Even worse, anyone with the temerity to question or oppose the huge giveaways to the rich were framed by the misleading contentions that opposing this package was tantamount to opposing much needed relief for middle class and working Americans. Yeah, it was a bit like threatening to shoot a dog if you don’t buy the magazine.
So are they all in it together? They certainly aren’t in it to help the masses of suffering people.
Our Senators and Representatives should have stripped away all of that excessive pork baggage and simply crafted a stimulus bill earmarked only to working stiffs and small businesses.
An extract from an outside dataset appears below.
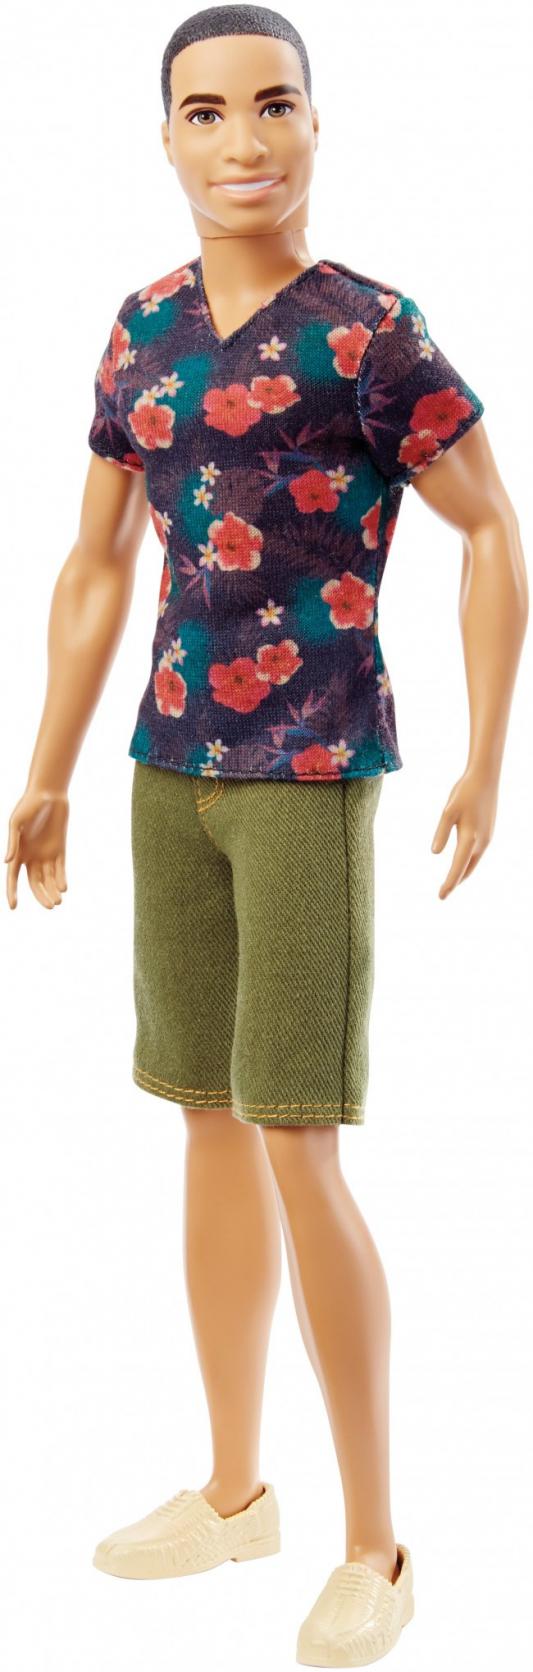 Кукла Mattel Barbie Игра с модой Кен в зеленых шортах и футболке с цветами 30 см DGY66

As former Labor Secretary Robert Reich noted, many of the big businesses and corporations have enough money on hand to deal with the crisis, so helping them can wait.
Reich, for example, reported the airline industry got a nifty tax cut just a couple of years ago and squandered it on stock buybacks, which benefitted no one but themselves. Even worse, the cruise industry has found ways to avoid paying U.S. taxes. And why does Amazon CEO Jeff Bezos need a tax cut when he pays nothing now?
So I call this Trickle Down 3.0, and I am wildly disappointed in Republicans for spearheading the giveaways to the rich again for spearheading the giveaways to the rich again and the Democrats for rubber stamping it.
It appears Friedman called his shot. Though a crisis often can present us with a chance to make reforms to improve our political and economic systems, it seems more likely the deterioration of both will continue.
We’re going there in a hand basket.
“Who was it that set up a system, supposedly democratic system, where you always wind up voting for the lesser of two evils?” — The Fugs, commenting on the presidential election of 1968.